Which January-2020 sign-ups moved more than $100 of successful volume in their first 30 days? – Join users (filtered to January-2020 signups) with payments twice—once as sender, once as recipient—keeping payment_state = 'success' and payment_date within 30 days of signup, sum amounts per user, and count those above $100. A union of the two roles preserves sign, and windowing by user_id plus a date filter ensures correctness. Good answers highlight indexes on (user_id, payment_date) and justify unions over OR conditions for planner efficiency.
What does the cumulative distribution of comment counts per user look like, by single-comment buckets? – First gather comment totals per user_id, then aggregate counts of users per num_comments, order the buckets, and compute a running fraction SUM(users)/total_users using a window function such as SUM(count) OVER (ORDER BY num_comments). If comment counts are sparse, generating a series with a left join fills gaps for smoother plots. The answer should mention why CUME_DIST() or PERCENT_RANK() can also be used and the importance of indexing the comments table on user_id.
How would you report annual retention rates for a yearly-billed SaaS product? – Determine each customer’s cohort year via their first payment, then for every subsequent year compute SUM(is_renewed)/COUNT(*) within that cohort to get retention. A self-join or window function retrieves the first year, and a pivot produces a tidy year-by-year grid. Discussing churn definitions, handling partial years, and creating a composite index on (customer_id, payment_year) demonstrates scalable thinking.
How many push notifications does a typical converting user receive before purchase, and what is the full distribution? – Join notification_deliveries to converting users where delivery_time < conversion_date, count notifications per user, then aggregate those counts into a histogram. The query produces push_count and num_users, enabling analysts to study drop-off curves. Explanations should include indexing suggestions, handling users who never convert via a left exclusion, and potential need for caps on extreme counts.
Produce a day-by-day cumulative new-user count that resets every month. – Use COUNT(*) OVER (PARTITION BY DATE_TRUNC('month', signup_date) ORDER BY signup_date ROWS BETWEEN UNBOUNDED PRECEDING AND CURRENT ROW) to compute the running total for each month. If date gaps exist, join to a calendar table to emit zero-signup days. Candidates should note that partitioning on the truncated month and ordering on signup_date leverages an index effectively.
Is click-through rate significantly related to human relevance ratings in search results, and what data will you return to test the hypothesis? – Group search events by rating, calculate ctr = SUM(has_clicked)/COUNT(*), and return counts plus CTR per rating to enable a chi-square or logistic regression.
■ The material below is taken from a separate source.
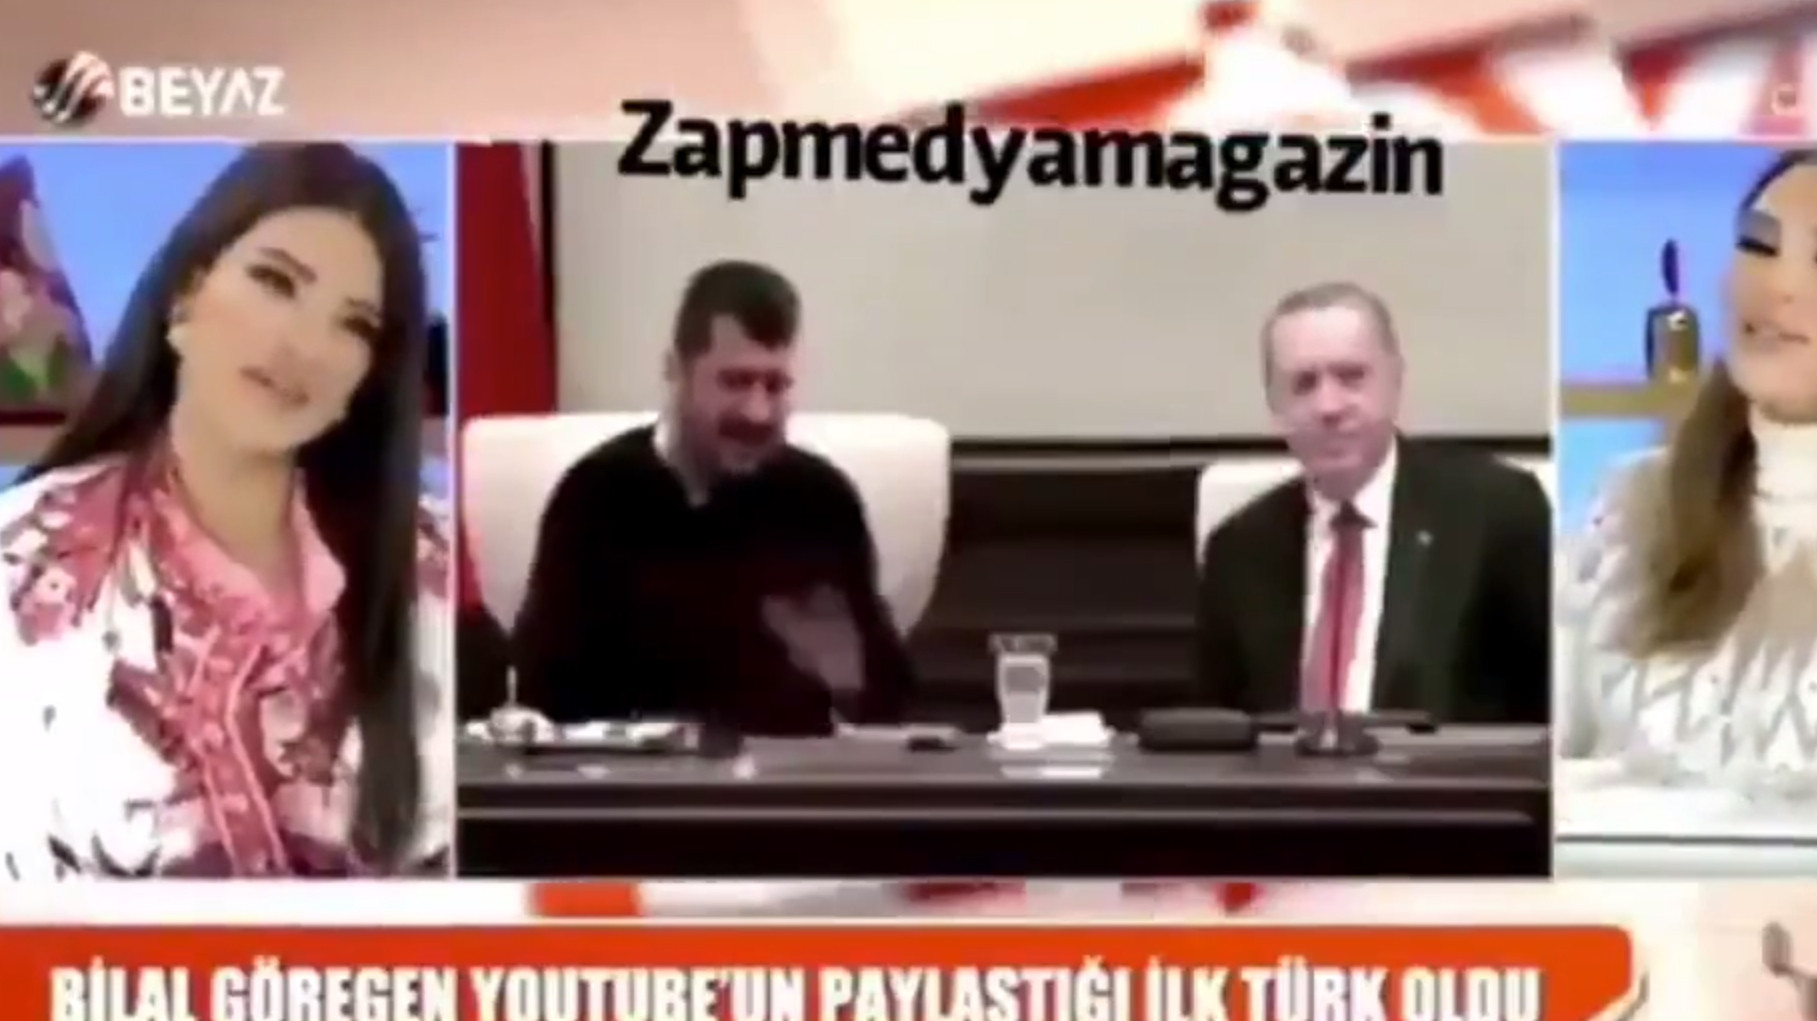 Seren Serengil ve Bircan Bali, Erdoğan montajını gerçek sanınca...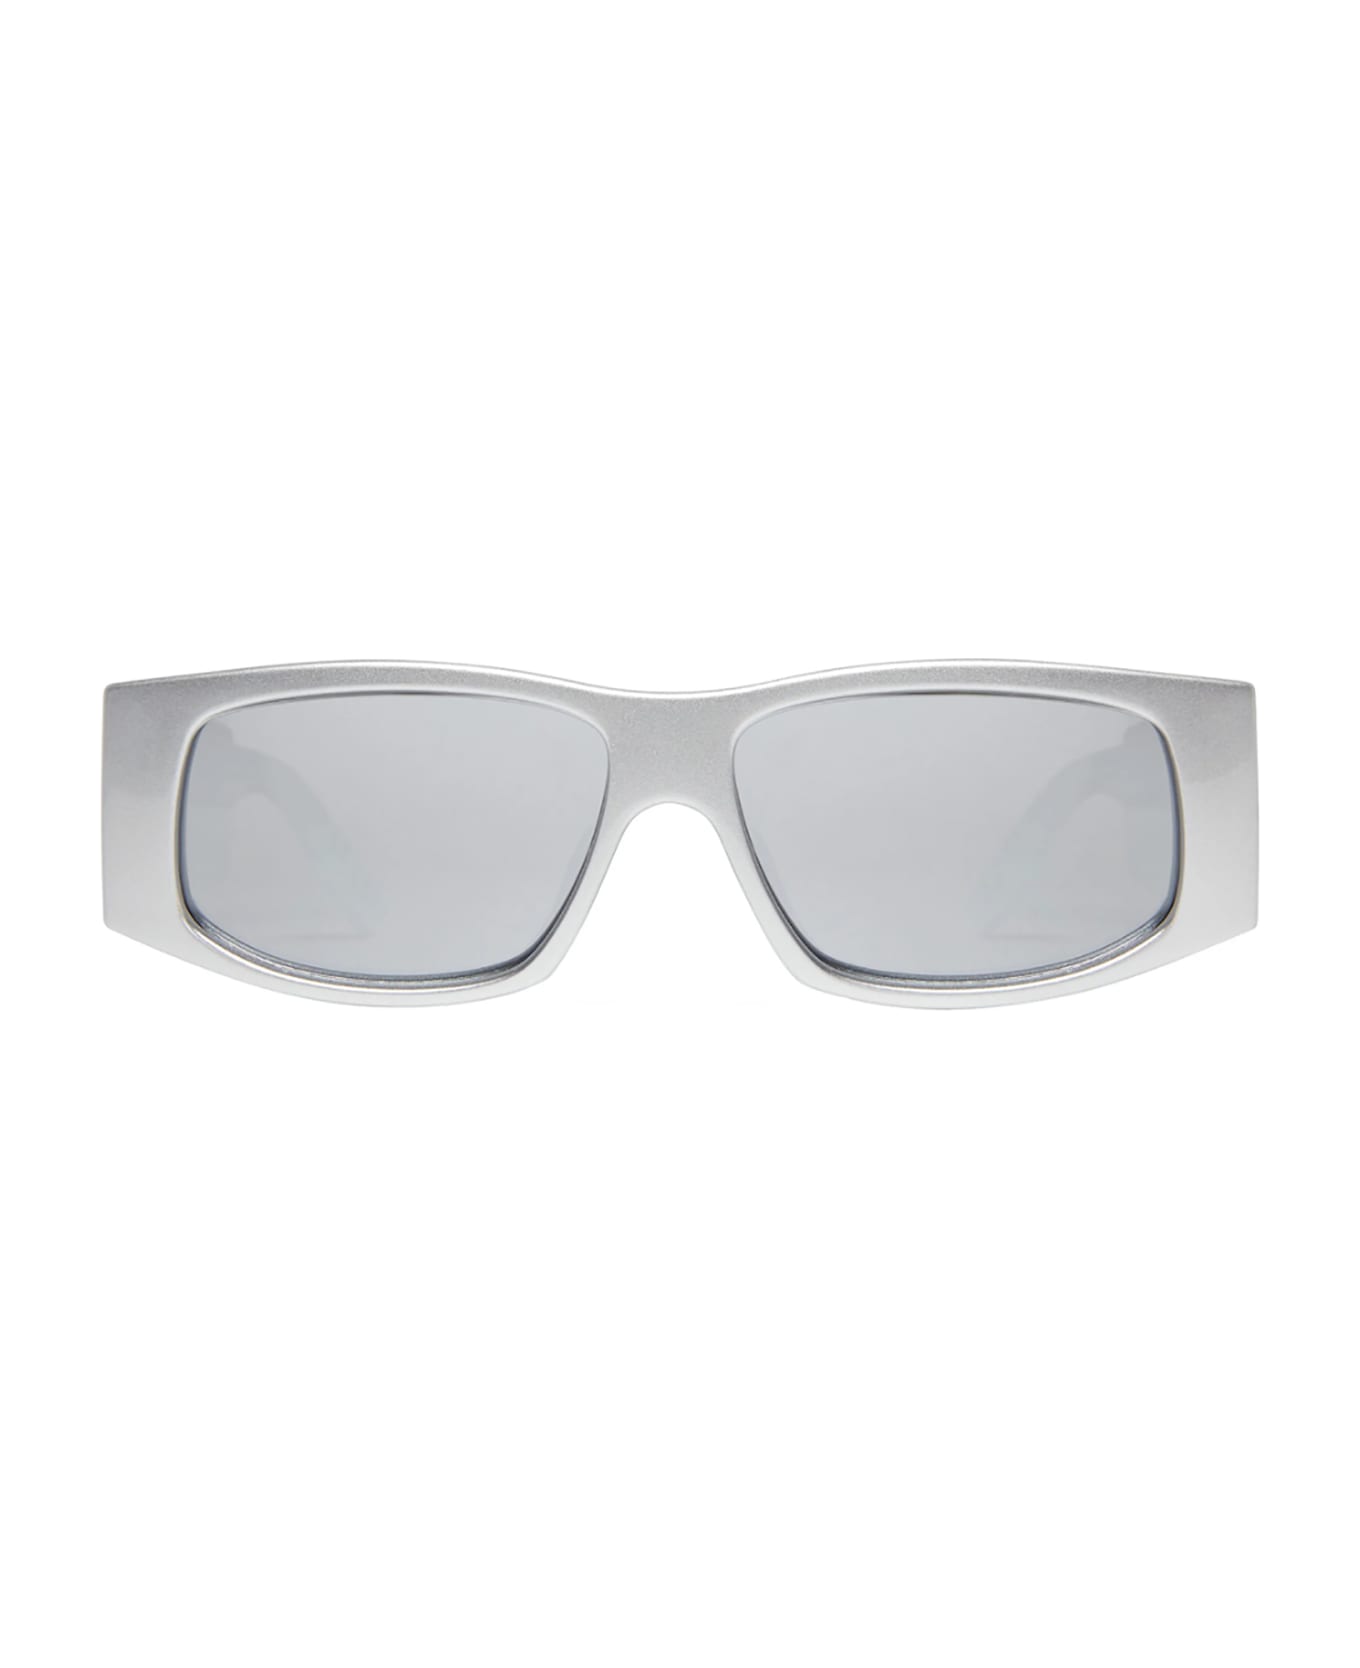 Balenciaga Eyewear BB0100S Sunglasses - Silver Silver Silver

Including confidence intervals or filtering by position helps control confounders. Strong answers mention that a rating-CTR relationship might be spurious without controlling for rank or query intent and suggest exporting raw aggregates for statistical testing offline.
How would you calculate the rolling twelve-month customer lifetime value (CLV) for every active user, updating the metric at the end of each calendar month?
A strong answer joins transactional revenue to a calendar dimension, aggregates spend per user per month, then uses SUM(amount) OVER (PARTITION BY user_id ORDER BY month ROWS BETWEEN 11 PRECEDING AND CURRENT ROW) to create a continuously updated 12-month CLV window; handling users with fewer than twelve months of history, excluding refunds, and indexing on (user_id, month) should also be covered.
Given a fact table of page views with session_id, how would you flag sessions that contained at least one error page and then compute error-session rate by device type?
The candidate should aggregate page types per session_id, create a Boolean has_error with MAX(CASE WHEN page_type='error' THEN 1 END), join to the sessions dimension for device_type, and calculate error_sessions/total_sessions; discussion should include partial indexes on page_type, potential session sampling, and separating bot traffic.
Suppose your orders table occasionally receives late-arriving records. How would you backfill weekly revenue snapshots without double-counting existing rows?
A typical approach loads late rows into a staging table, then uses INSERT … ON CONFLICT (or a merge) keyed on the natural primary key to upsert into the snapshot; for historical deltas, a windowed delete/insert or EXCEPT-based diff ensures idempotency; efficient partitions on order_week keep the maintenance query performant.
How could you identify the earliest date on which each user took all three required onboarding actions (complete_profile, upload_avatar, first_post)?
Use conditional MIN(CASE WHEN action='complete_profile'…END) to capture dates, GREATEST() to find the last of the three, filter out users missing any action, and index the events table on (user_id, action) for speed; the result supports a funnel-completion analysis.
Design a query that detects price‐elastic products by correlating daily price changes with daily unit-sales changes over the past year.
The solution pairs each day with the previous day via LAG(price) and LAG(units), computes percent deltas, joins price and unit changes per product, and returns Pearson correlation or slope via covariance formulas; discussion should cover seasonality controls, minimum-volume filters, and why correlations could be skewed by promotions.
How would you compute the median duration between first site visit and first purchase for every marketing channel?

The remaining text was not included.